Before the class, everyone who signed up for it read Indian Uprising by Donald Barthelme, Louis Menand’s New Yorker article about Barthelme , and an interview with Umberto Eco. Richard Ford talked about Barthelme for a little while and we asked him a lot of questions about his writing process, philosophy and ideas about the collage element that is innate in all forms/types of writing. He brought his “notebook” to class, which, in fact, was not a notebook at all. It was a huge, purple, three-ring binder in which he collects quotes, thoughts, facts, research, etc for whatever novel he’s working on at the time. He told us about how he’s dyslexic and how that effects his writing. At one point Ford said, “Rick Moody, who I deeply disrespect, once said something about how there are only two kinds of writers: writers like Hemingway and writers like Beckett. I disagree with that… It’s too narrow a perspective on what a writer can be…Writing is supposed to broaden your world, open things up… Rick is probably a nice boy, he just says silly things.” I got to chat with Ford for a moment afterwards, just to say thanks and hello. I was excited about this because we are both from Mississippi and we’ve both lived in New Orleans, which is the nearest refuge for people born in Mississippi. We talked about New Orleans for a minute, how easy it is to get nostalgic about New Orleans and how we both want to buy houses there.

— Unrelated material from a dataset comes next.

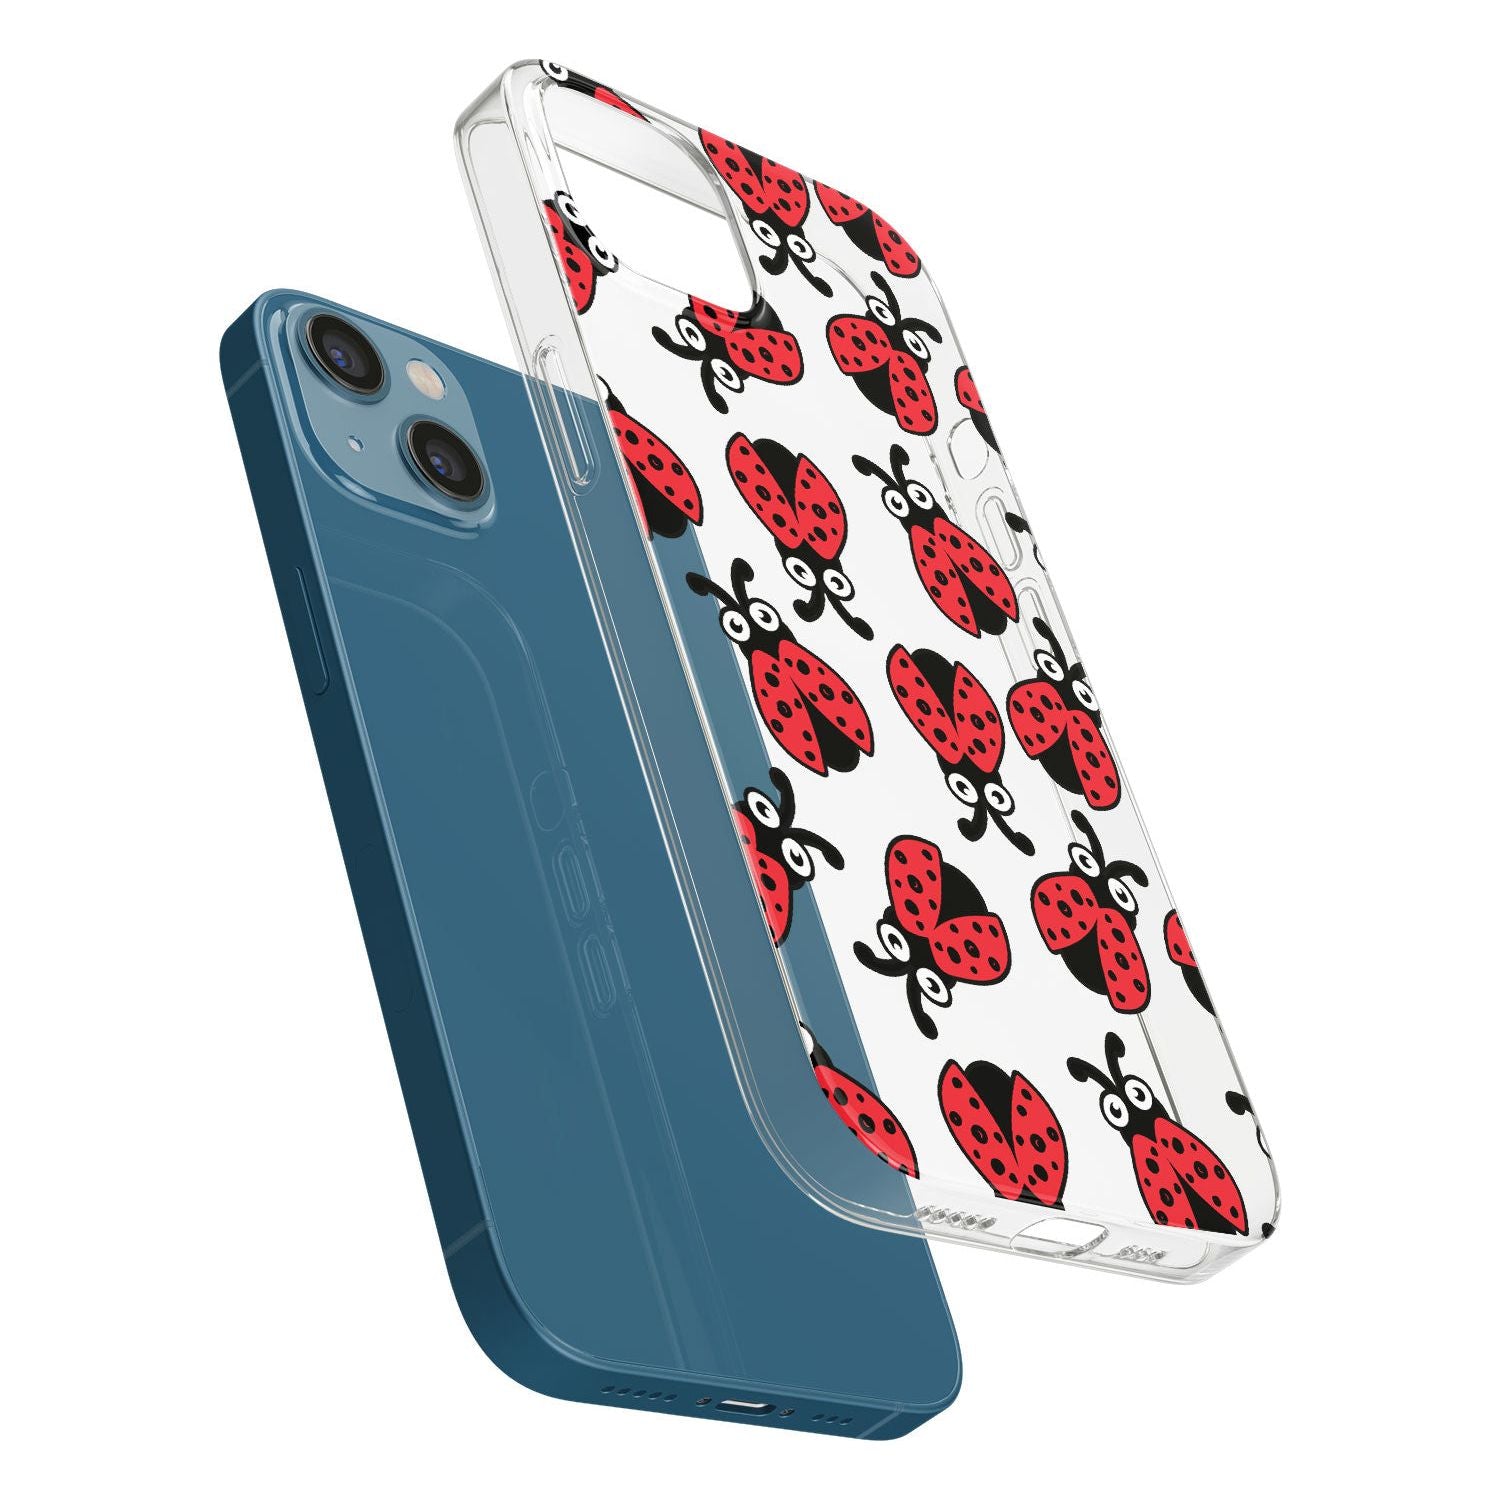 Ladybug PatternPhone Case for iPhone 13 Mini
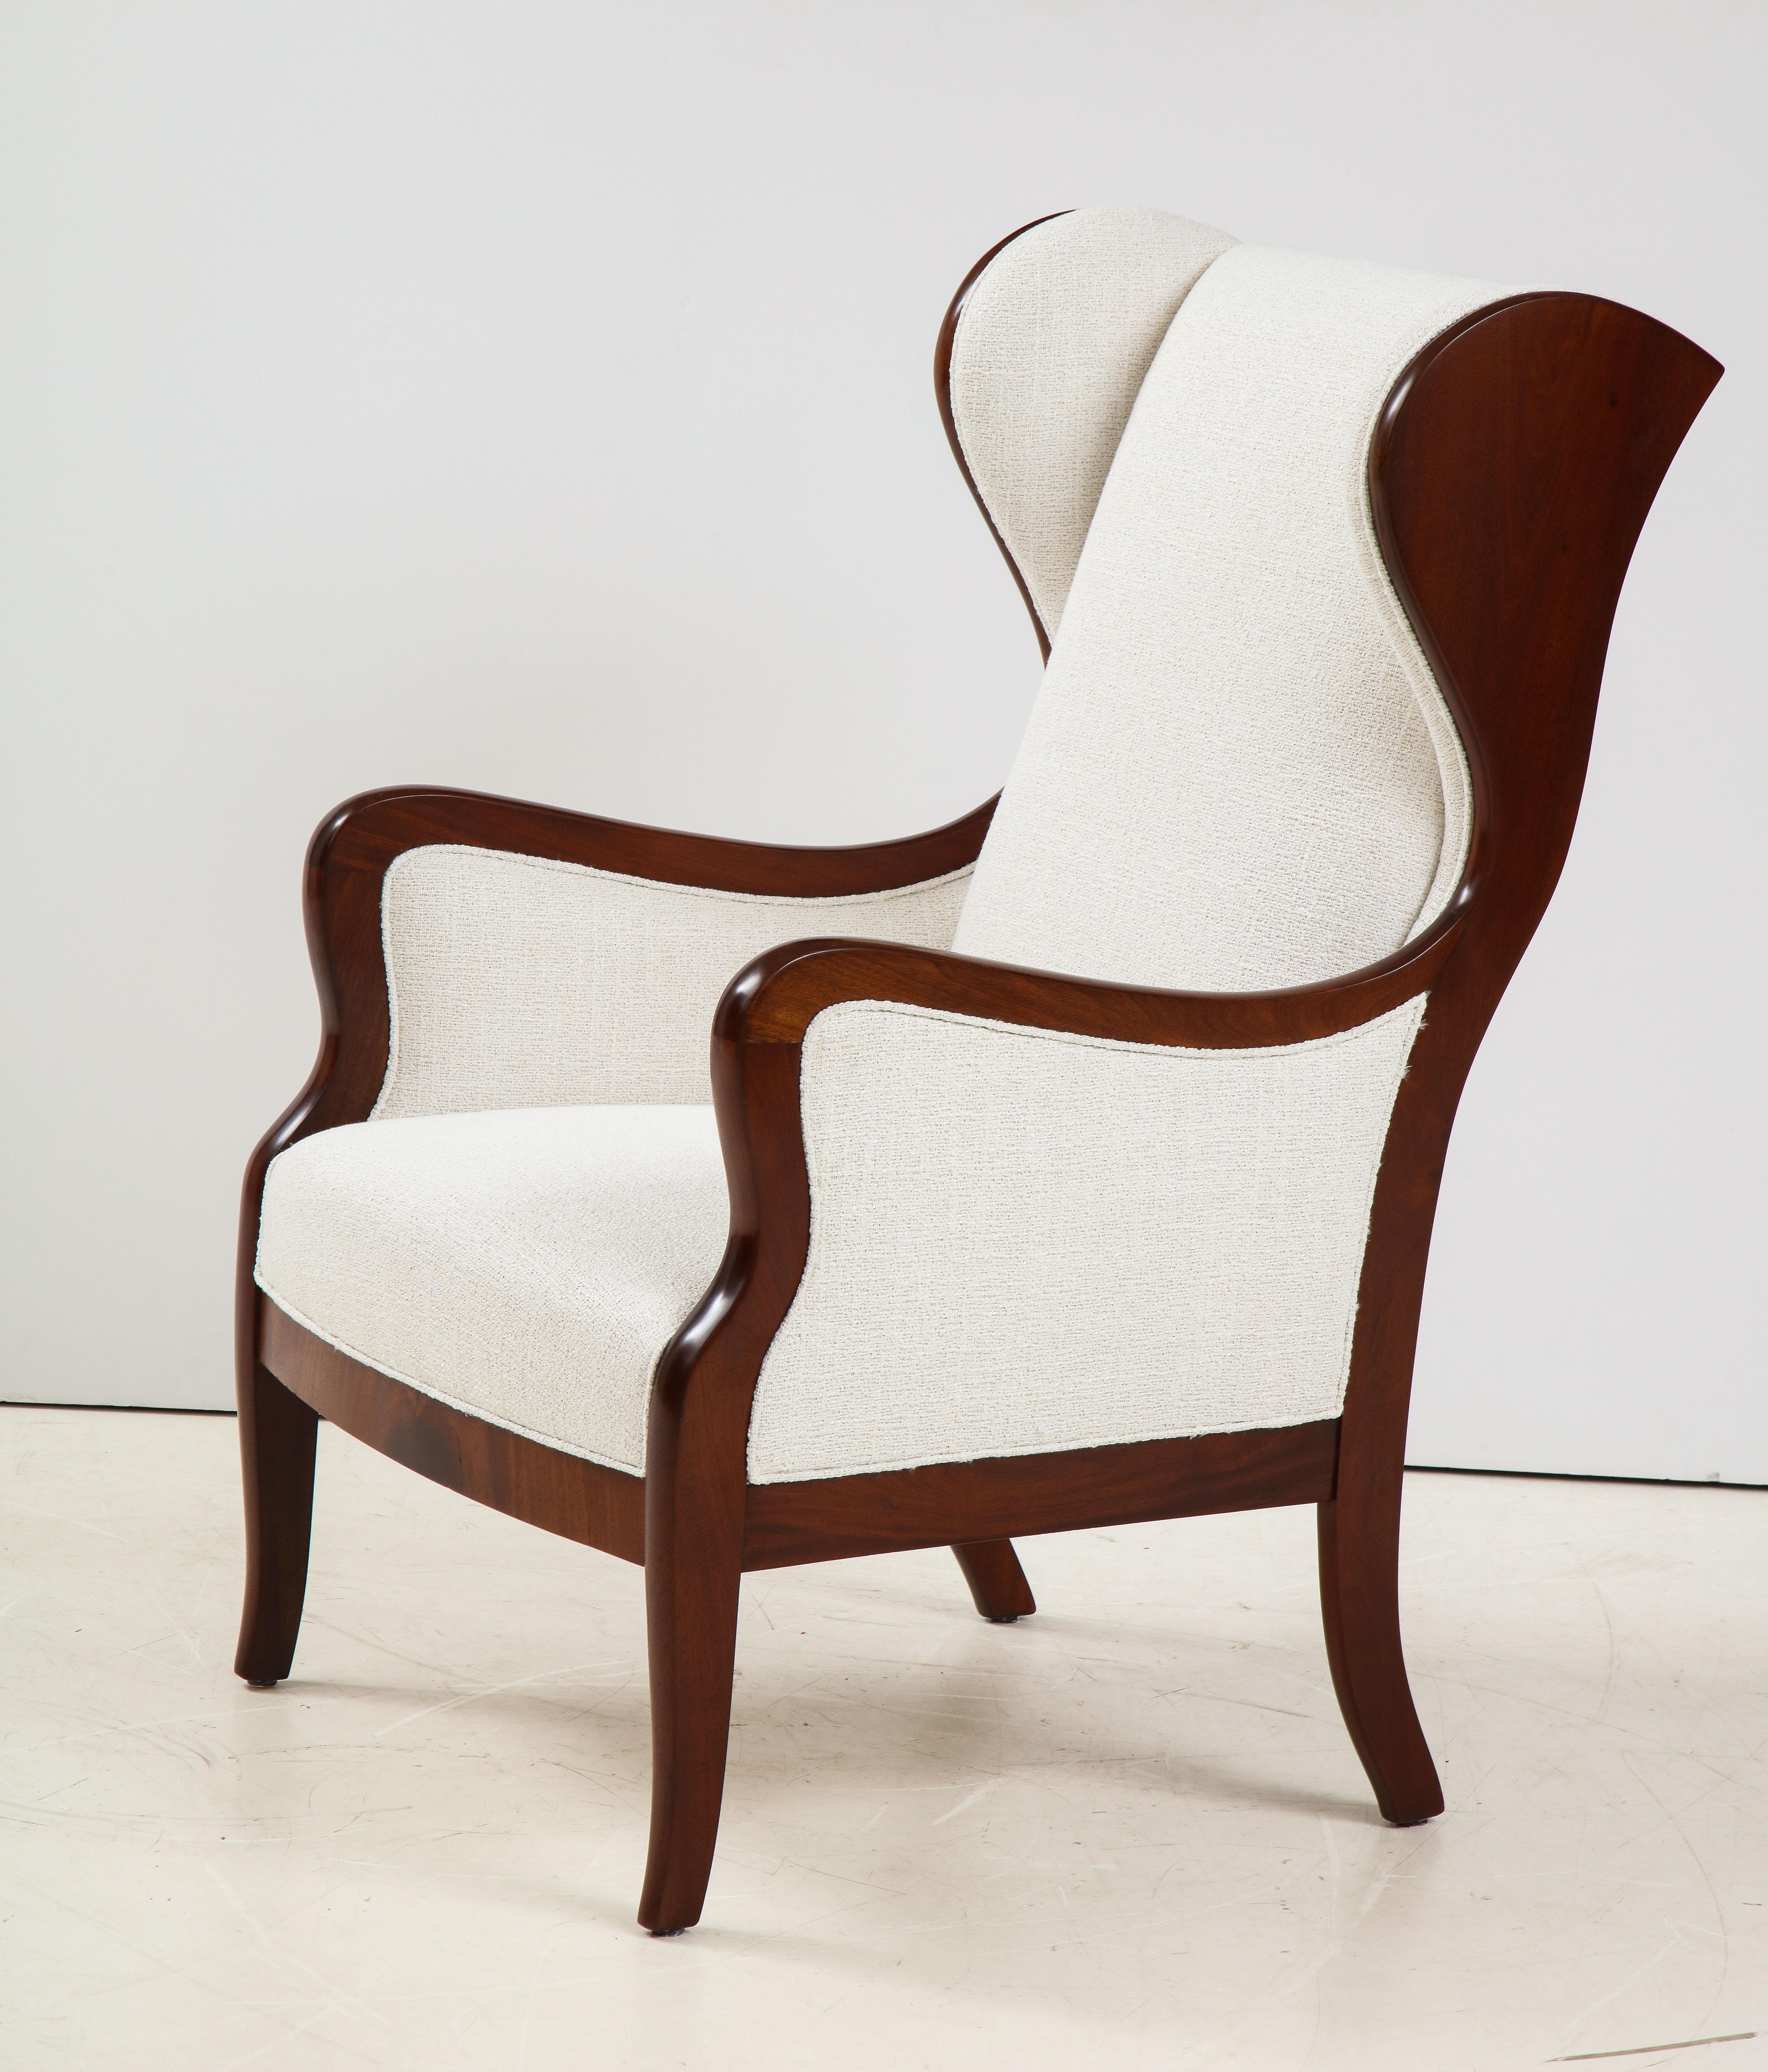 Scandinavian Modern Frits Henningsen Mahogany and Upholstered Wing Chair, Circa 1940-50

+Amy Benson made strawberry-rhubarb pound cake for our last meeting of Non/Fiction. I turned in a monster crazy-weird essay that I will be excited to get her feedback on.
+Last workshop is kicked off with a few bottles of champagne, which went straight to everyones’ heads, loosening a hysteria of honesty. It was a good group, but I will be happy not to have to read anyone else’s first drafts for a while.